🍽️ Zomathon 2026 — PS1: KPT Prediction Improvement

Improving Kitchen Prep Time (KPT) Prediction Through Signal Quality & System Design

💰 Rs 620 Cr	⏱️ 55%	🚨 83%
Annual Cost Saving	Rider Wait Reduced	Severe Cases Eliminated

🚀 Open in Google Colab

Notebook	Description	Open
`Day1_Problem_Understanding.ipynb`	Root cause analysis of KPT failures
`Day2_Generate_Data.ipynb`	Synthetic dataset generation (500 restaurants, 50K orders)
`Day3_Analysis_and_Charts.ipynb`	Data analysis + 5 evidence charts
`Day4_Simulation.ipynb`	Baseline vs improved system simulation
`Day5_PDF_Numbers_Reference.ipynb`	All final numbers & calculations reference

📎 Quick Links

Resource	Link
📄 Full 25-Page Report (PDF)	View Report
📦 Dataset (Google Drive)	merchants.csv + orders.csv
🐙 GitHub Repository	github.com/JayeshJadhav28/zomathon

⚠️ Data Disclaimer: All data in this repository is synthetically generated using numpy and pandas. No proprietary Zomato data is included or referenced.

🎯 Problem Statement

Kitchen Prep Time (KPT) is the elapsed time between order confirmation and food being genuinely ready for pickup. Zomato must predict this before the food is even made so riders are dispatched at exactly the right moment.

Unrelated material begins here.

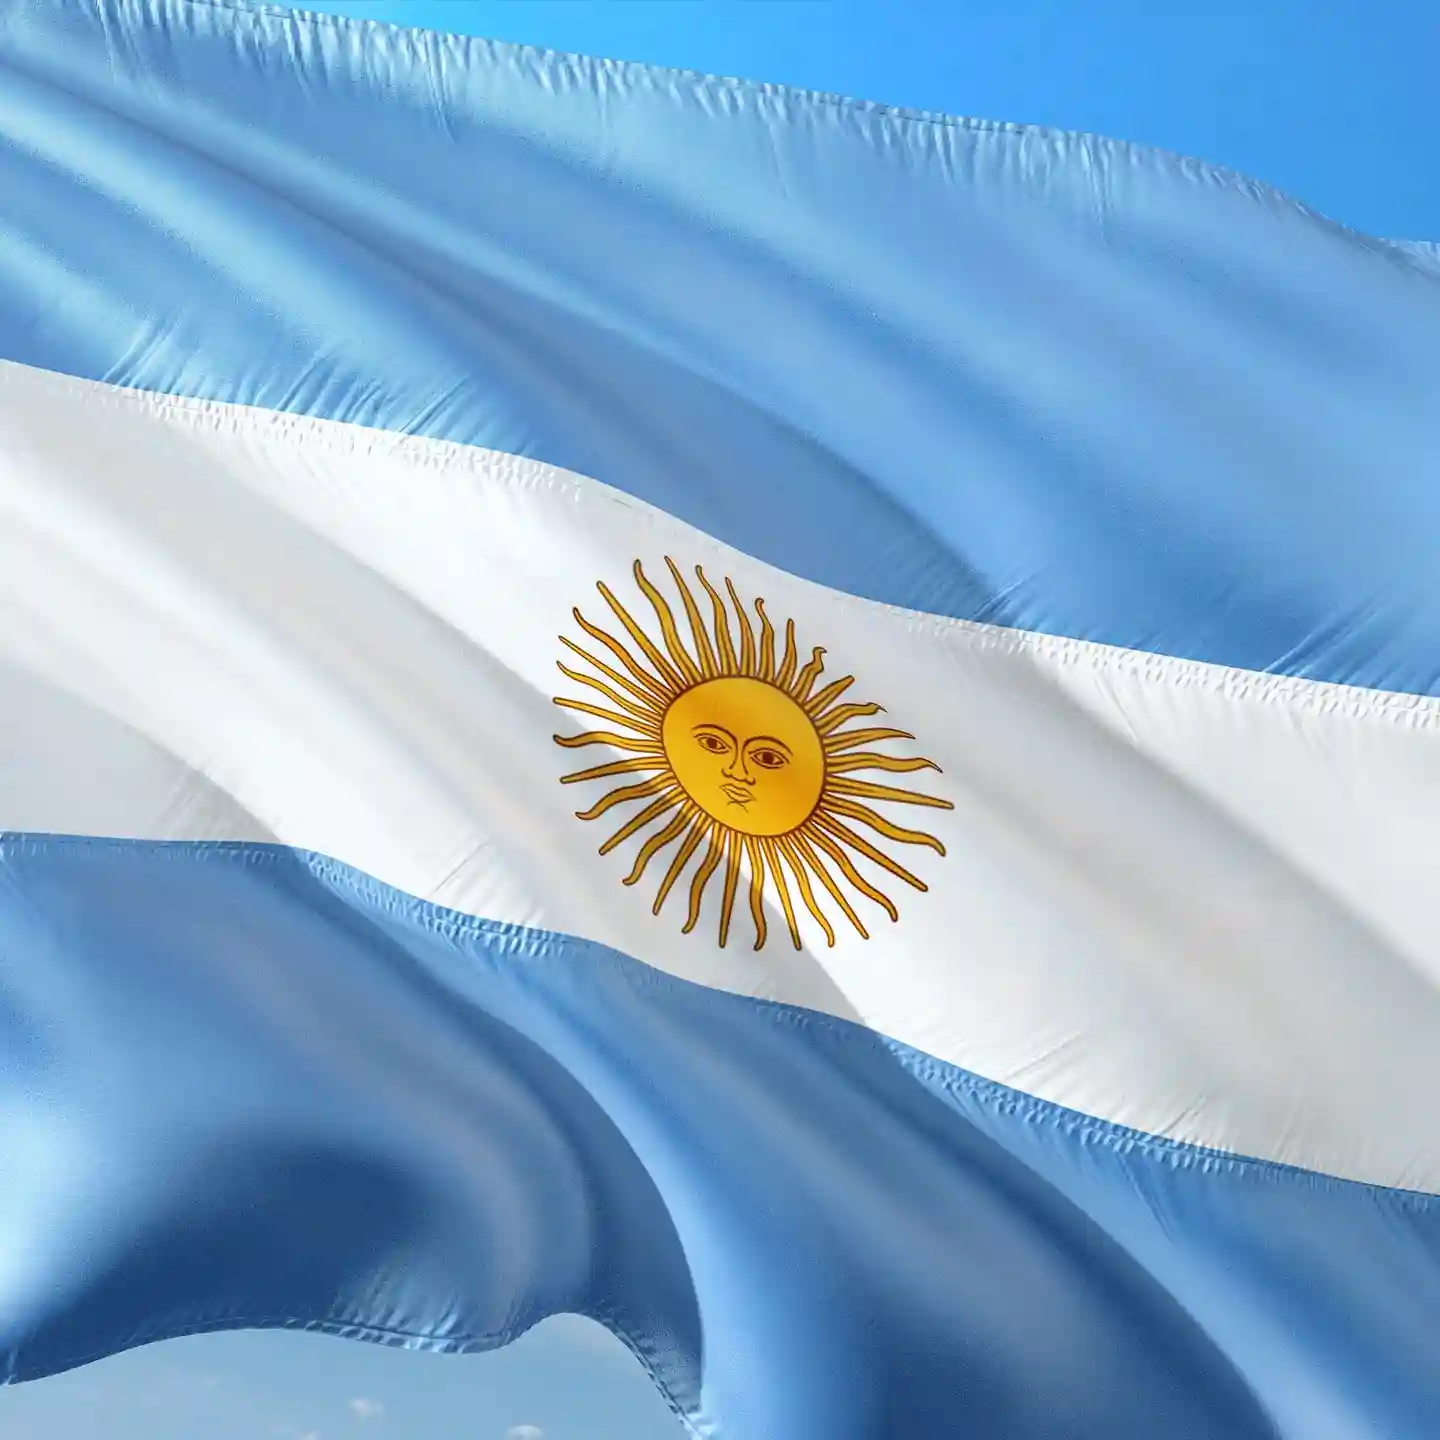 Encuestas-remuneradas-en-argentina

The current system relies on a single signal — the Food Order Ready (FOR) button pressed by restaurant merchants in the Mx app. Our analysis of 50,000 orders reveals this signal is corrupted in 27% of cases, causing systematic prediction failures across the entire delivery pipeline.

ORDER PLACED → KITCHEN STARTS → FOOD READY ✗ → RIDER ARRIVES → CUSTOMER RECEIVES
                    ◄──────────── KPT ────────────►
                                      ↑
                         FOR button pressed here
                         (often WRONG timing — 58% of restaurants)

🔍 The Core Problem

We identified 3 root causes behind KPT prediction failure:

#	Problem	Scale
01	Rider-Influenced FOR Signal — Merchants press FOR when rider arrives, not when food is ready, corrupting the KPT label by the full rider travel time	58% of restaurants
02	No Kitchen-Wide Visibility — Zomato sees only its own orders; Swiggy, dine-in, and takeaway orders are completely invisible yet share the same kitchen	59% of kitchen load hidden
03	Human Inconsistency in Labeling — 300,000+ restaurants press FOR at different times, creating a training dataset with inconsistently generated labels	27% of orders with >5 min error

Downstream Impact

KPT too HIGH → Rider dispatched LATE → food gets cold → bad ratings
KPT too LOW  → Rider dispatched EARLY → waits 7.7 min avg → Rs 620 Cr wasted/year

🏗️ Our Solution — 4 Layer Architecture

Our solution does not change the KPT model. It gives the existing model better, cleaner, more complete inputs.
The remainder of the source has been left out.